BEGIN Supplied data
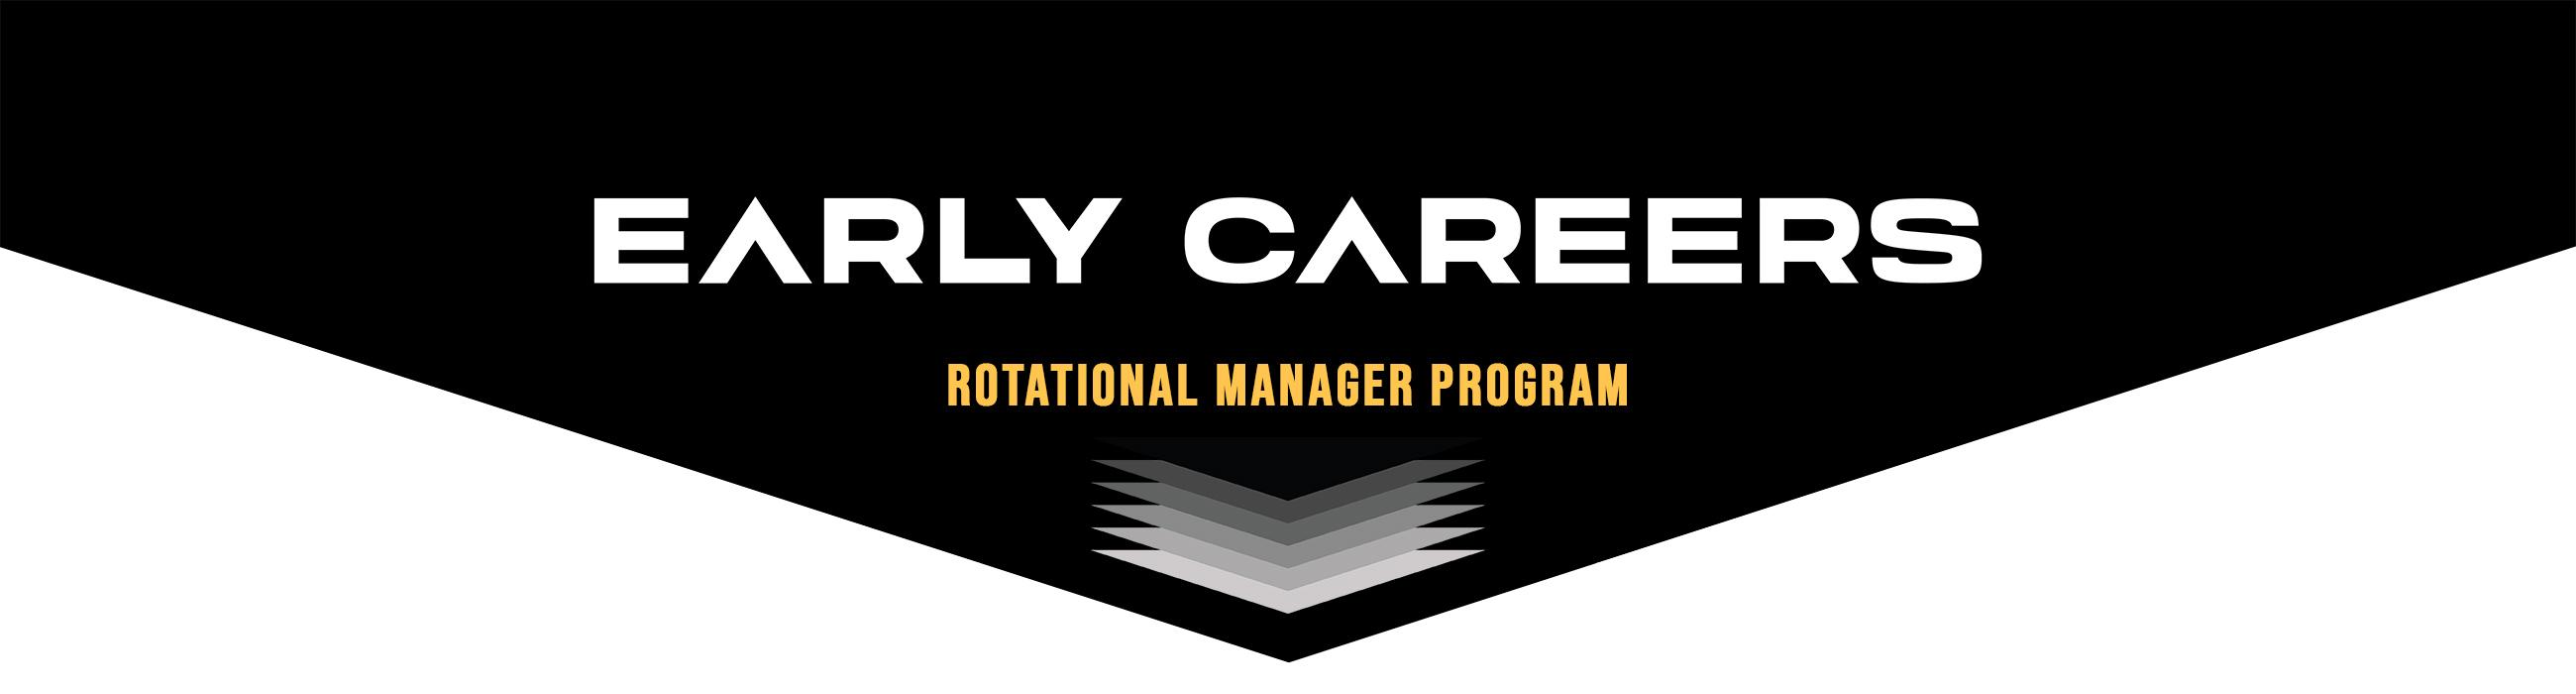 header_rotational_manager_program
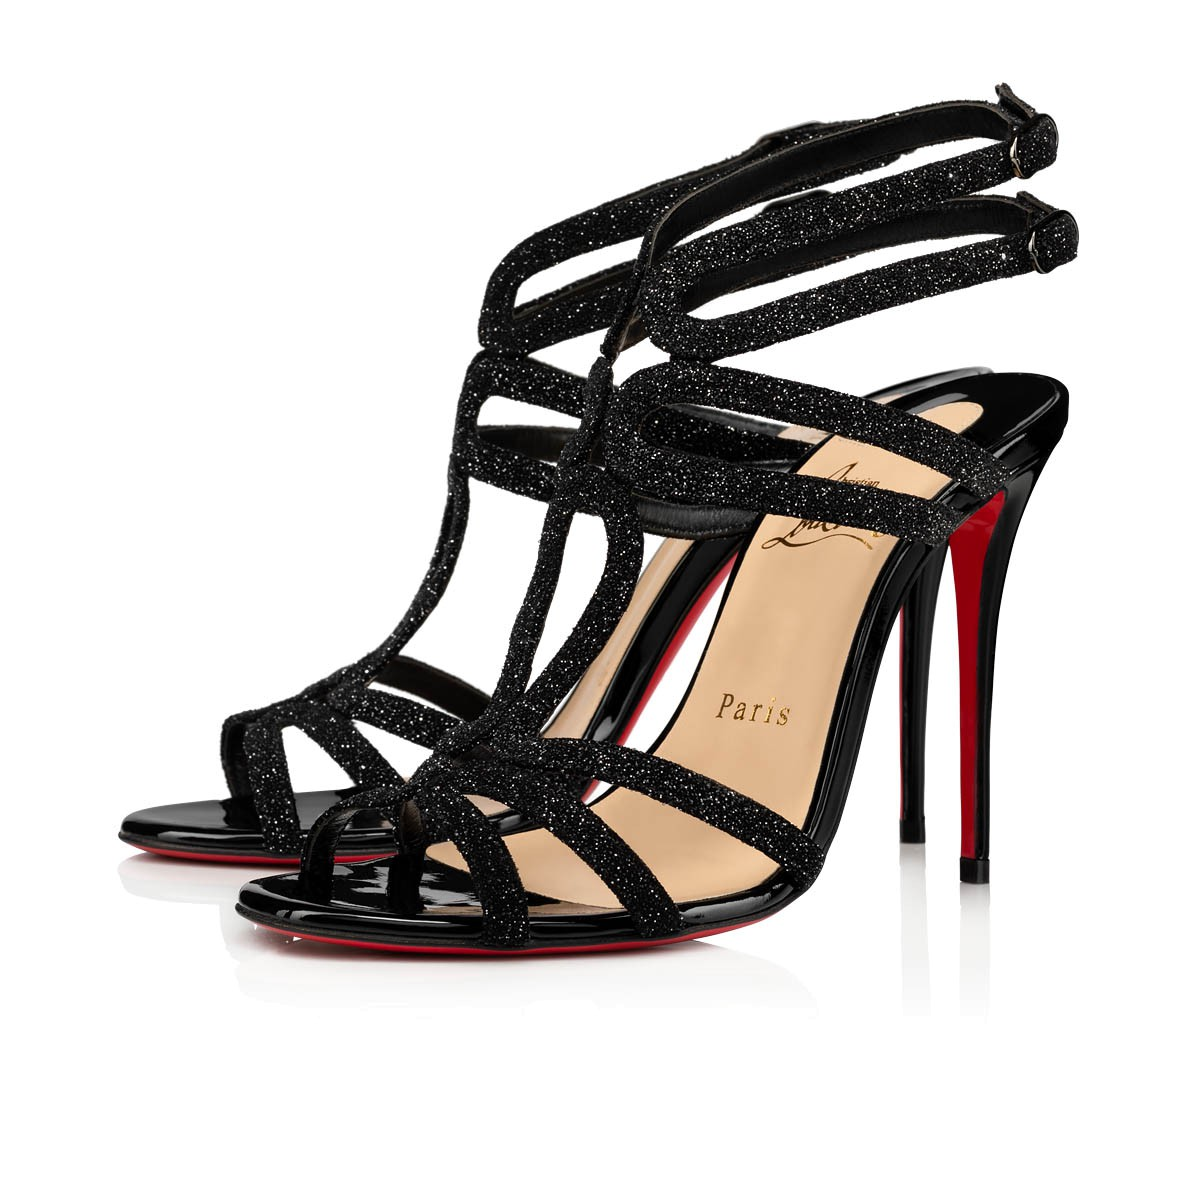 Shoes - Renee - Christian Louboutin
END Supplied data
BEGIN Supplied data
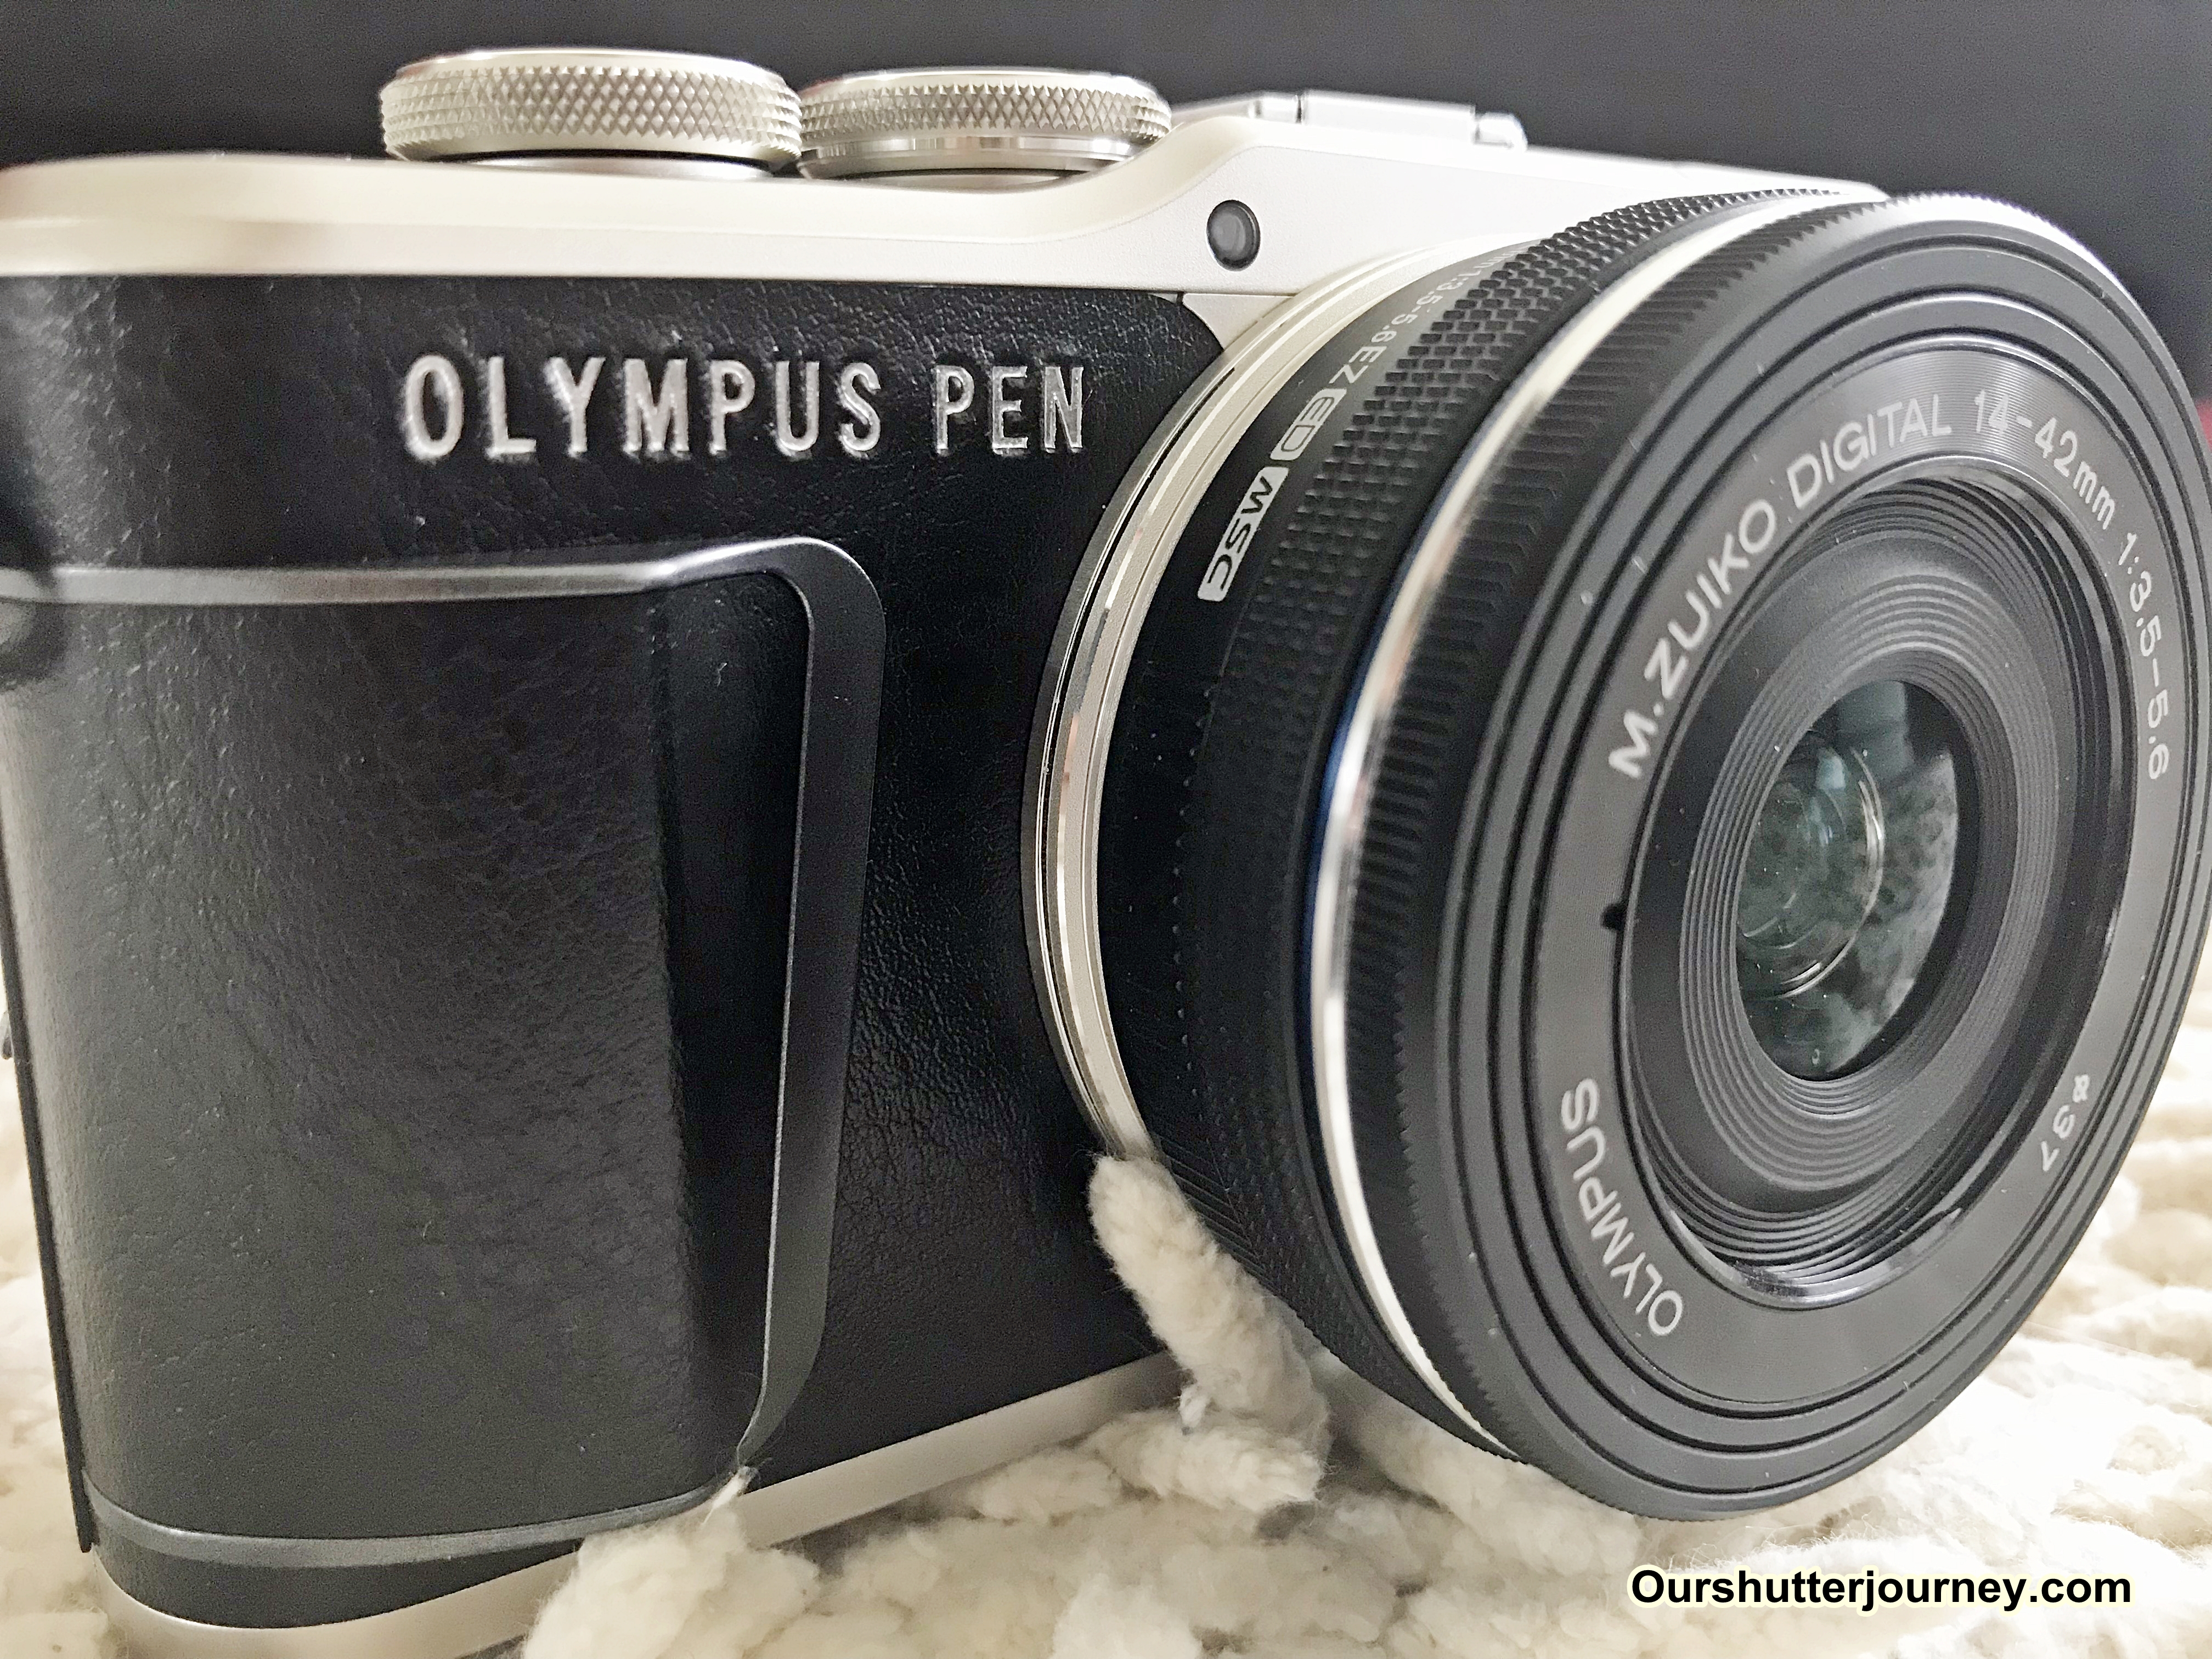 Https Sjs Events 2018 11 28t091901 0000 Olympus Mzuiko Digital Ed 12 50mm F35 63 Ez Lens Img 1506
END Supplied data
Task description
Reproduce exactly, with no pictures, the lines above from the one holding "header_rotational_manager_program" to the one holding "Shoes - Renee - Christian Louboutin", inclusive.

Reply
 header_rotational_manager_program
 Shoes - Renee - Christian Louboutin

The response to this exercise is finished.